The people and plants shaping modern medicine

Few discoveries better exemplify the power of traditional botanical knowledge than Chinese scientist Youyou Tu's work on antimalarial medicines.

As part of China's ambitious Project 523, Tu led research that incorporated modern Western and traditional Chinese medical approaches in the search for new chemical compounds to fight malaria.

Tu’s research focused on Artemisia annua, a wormwood similar to the plant pictured here.

They include the many different kinds of sagebrush, as well as the plants that give us tarragon and absinthe. All are well known for their strong aromas and bitter taste.

The common mugwort shown here is a species of Artemisia, which is found in Britain.

It was among plants illustrated by Elizabeth Blackwell, the mid-eighteenth century Scottish author and illustrator of A Curious Herbal.

Blackwell’s work was not only highly influential, it was one of the small number of herbals written by women.

The author records the mugwort as easing women’s menstrual pain as well as being "good to strengthen the Head & Nerves, & help hysteric Fits or Vapours.”

In the context of Youyou Tu’s discovery two hundred years later, Blackwell’s comments on Artemisia demonstrate ubiquitous use of these plants in folk remedies.

This illustration of a Chinese species of Artemisia, Chinese mugwort, is from a series of almost 200 paintings made in the early 1770s by John Bradby Blake, a trader working for the British East India Company, and the Chinese artist, Mauk-Sow-U.

Both Blake and Blackwell emphasize the medicinal properties of wormwood in their 18th-century works, but the use of Artemisia in Chinese traditional medicine has much longer history.

It was a much older work - a medical volume by 7th-century Chinese scholar Ge Hong - that helped Youyou Tu and colleagues develop a new approach to fighting malaria.

Of the hundreds of traditional Chinese herbal remedies that Tu and team examined in the search for potential anti-malarials Artemisia annua offered the most promising results.

Frustratingly, though, trial after trial failed to produce the required level of anti-malarial activity.

It was then that Youyou Tu remembered the ancient recommendation from Ge Hong that soaking (instead of drying) wormwood leaves was key to activating their medicinal effect.

This simple change was crucial in the ultimate discovery of artemisinin, which offers new approaches to treating malaria, and led Tu to receive the first Nobel Prize awarded to a Chinese woman.

Tu’s success shows the value of integrating modern approaches and ancient knowledge. But the unexpected nature of many key breakthroughs also shows the need for an open mind.

The work of Canadian scientists Robert Noble and Charles Beer provide another example...

In their search for new compounds to treat diabetes, Noble and Beer were studying the Madagascar periwinkle - a traditional remedy.

But they found no new leads that could be beneficial for diabetes.

However, they did uncover an interesting property of the plant.

It produced a compound that halted white blood cell production - a discovery with profound implications for cancer treatment.
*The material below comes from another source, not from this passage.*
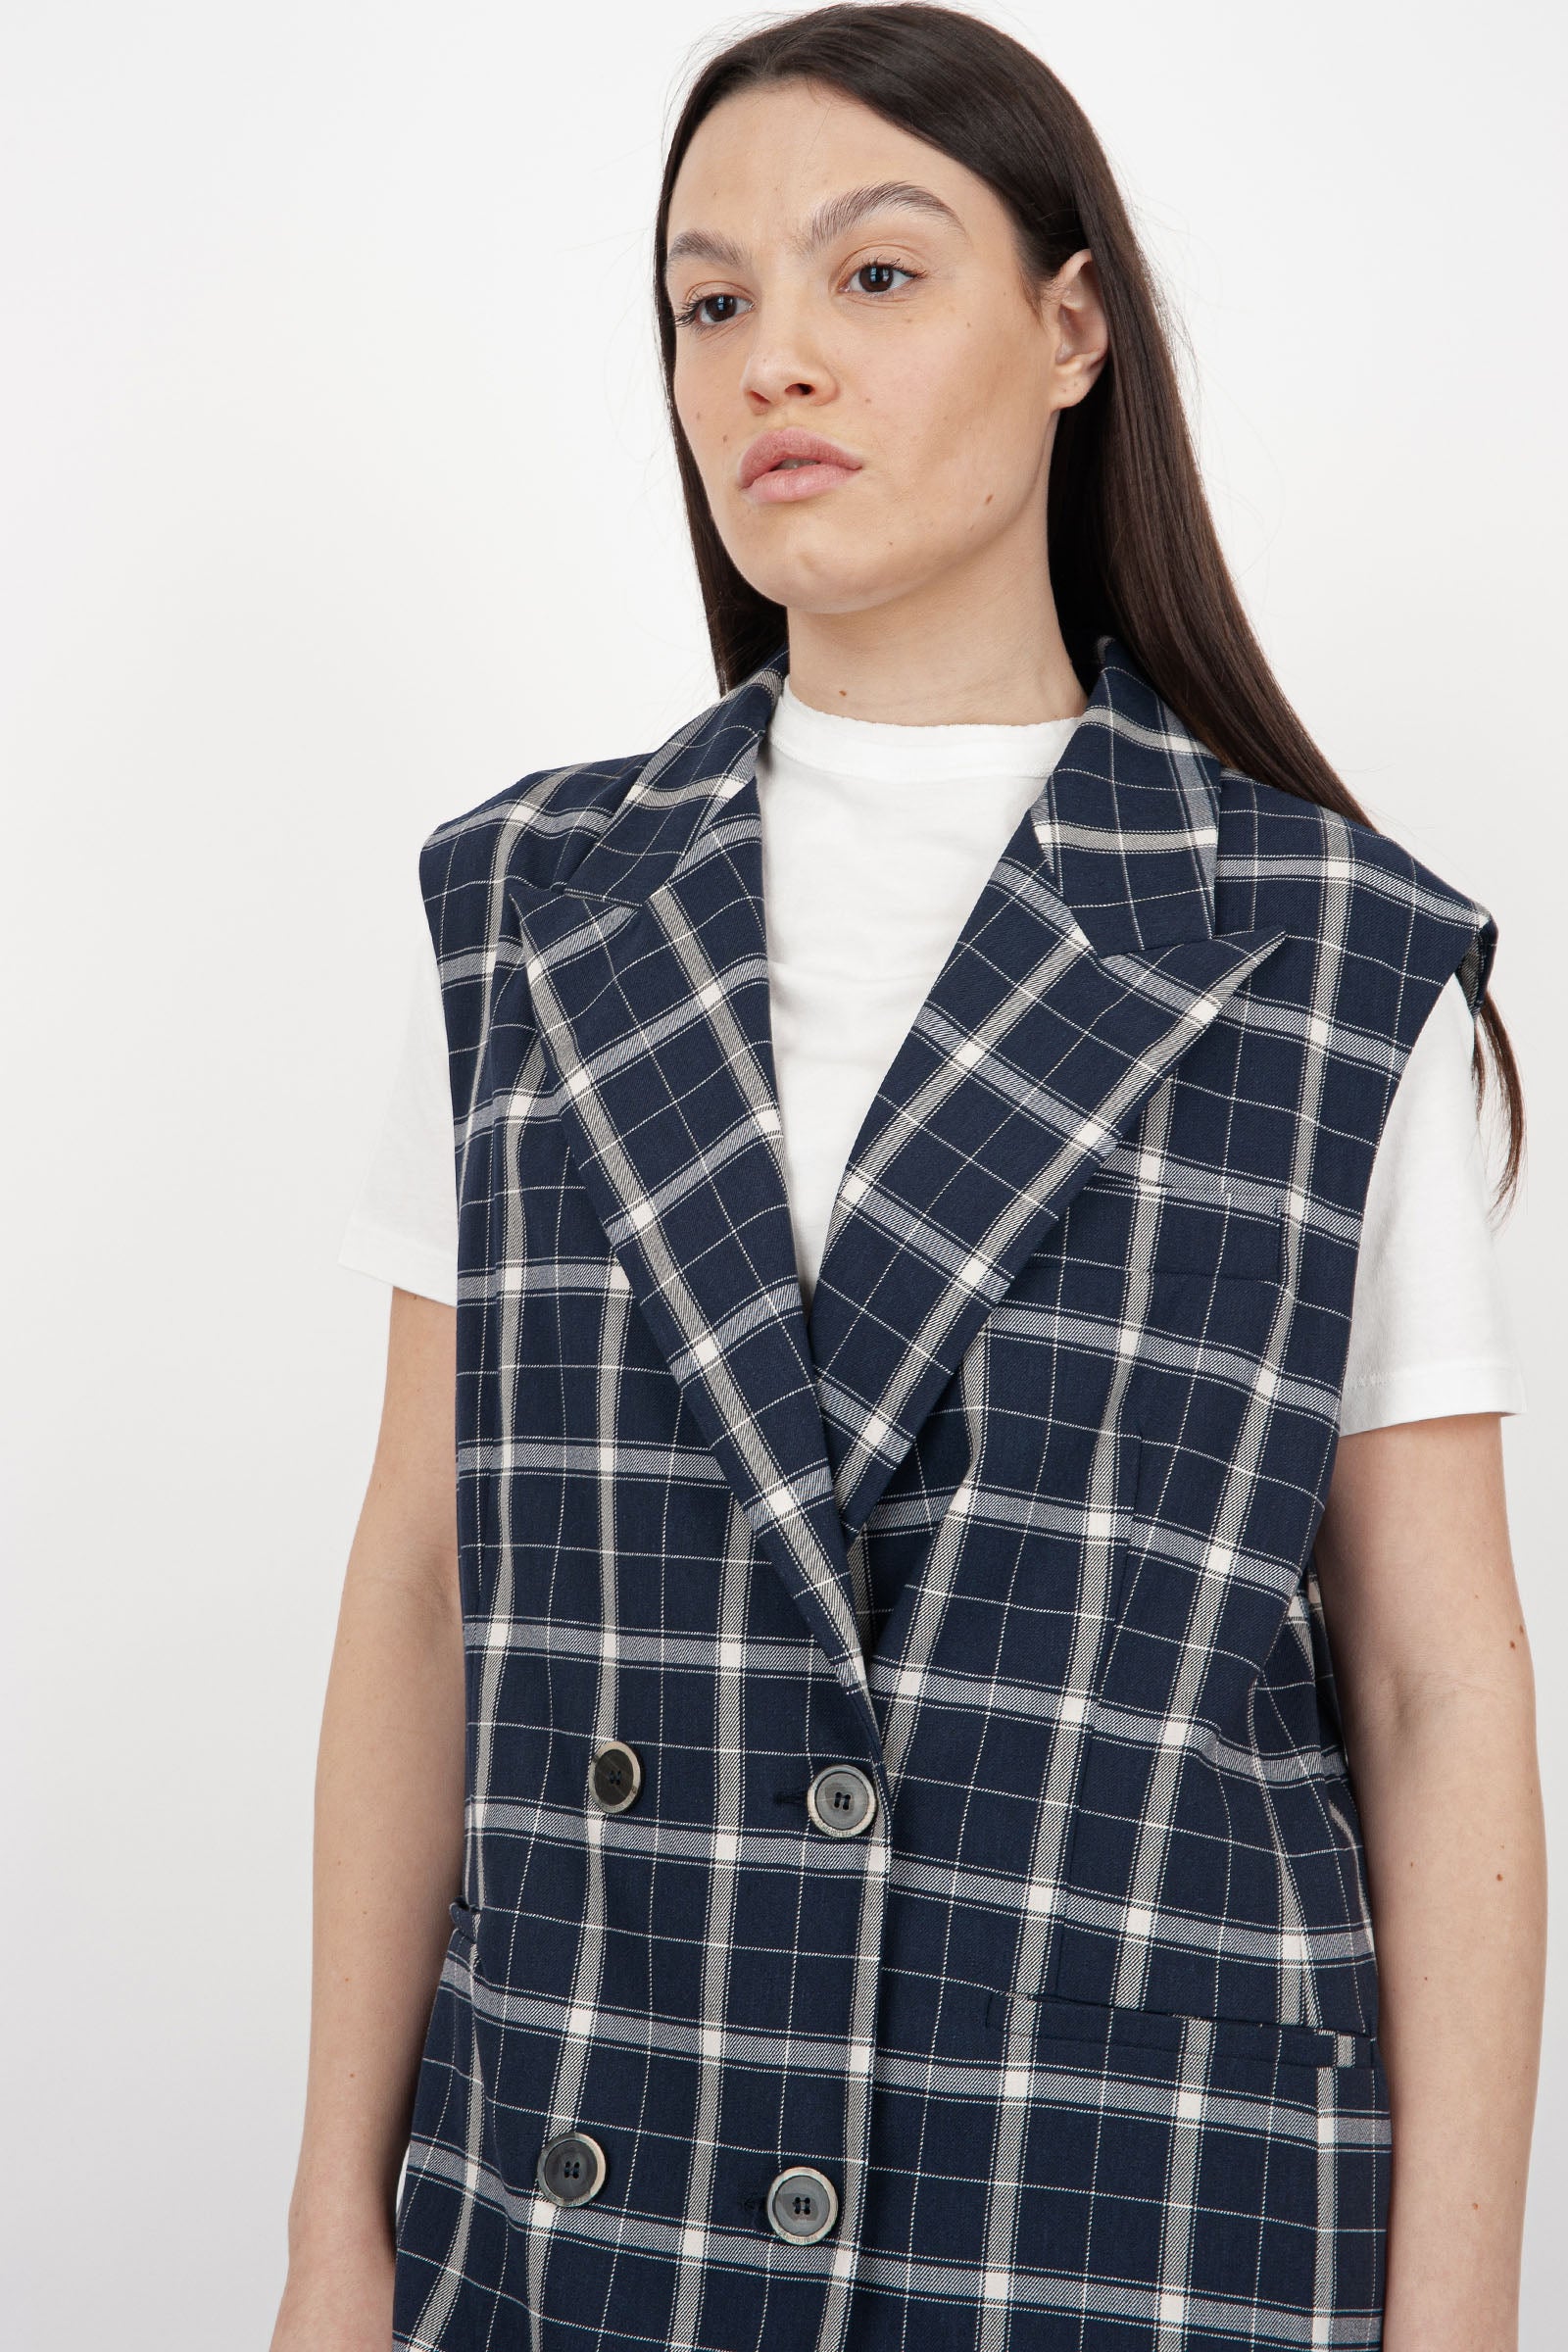 SemiCouture Alisha Synthetic Vest in Cream - 1

In partnership with the US pharma company Eli Lilly, which had already been developing drugs derived from the periwinkle, Noble and Beer’s findings led to the anticancer drugs vinblastine and vincristine.

Both drugs are now used widely around the world, particularly to treat childhood leukemia.

The grandson of slaves, Percy Julian was one of the few African-Americans to receive a degree from DePauw University.

After his MS at Harvard and a PhD in Vienna, he went on to become one of the most influential chemists of the 20th century.

But his life was plagued by racial discrimination.

At DePauw, the Trustees refused him a permanent job because of his race. Another job fell through because a Wisconsin town would not allow African Americans on its premises after dark.

When Julian and his family moved to the then predominantly white Chicago suburb of Oak Park, their home was fire-bombed.

Back at DePauw University, he synthesized a chemical derivative of the calabar bean.

The project was make-or-break: If successful, he’d be established as a leader in chemistry. But it went against the approaches of his eminent contemporaries, presenting a risk to his career.

It was a success, and the drug he synthesized from the calabar bean is still used to treat glaucoma.

But he continued to face discrimination, and employers backed out of offers when they saw his skin color.

Finally, in 1936, pharmaceutical company Glidden offered Julian a position as head of a new Chicago research lab focused on the study of soybeans.

There, he made successive key, commercially successful discoveries.

He found a new way to make the human hormones progesterone, estrogen and testosterone from compounds isolated from soybean oil.

As with many drug discoveries, serendipity was key.

When water leaked into a tank of valuable soybean oil - an expensive accident - Julian recognized that crystals formed in the mixture could have interesting properties.

He later showed that they were an excellent precursor in the manufacture of steroids. Previously, steroids could only be made in small quantities from animal sources. It was a costly process.

His discovery gave rise to inexpensive steroids to ease pregnancy and prevent miscarriages.

And this opened the door to new contraceptive pills, uterine cancer treatments and hormone replacement therapy - great leaps in medical progress.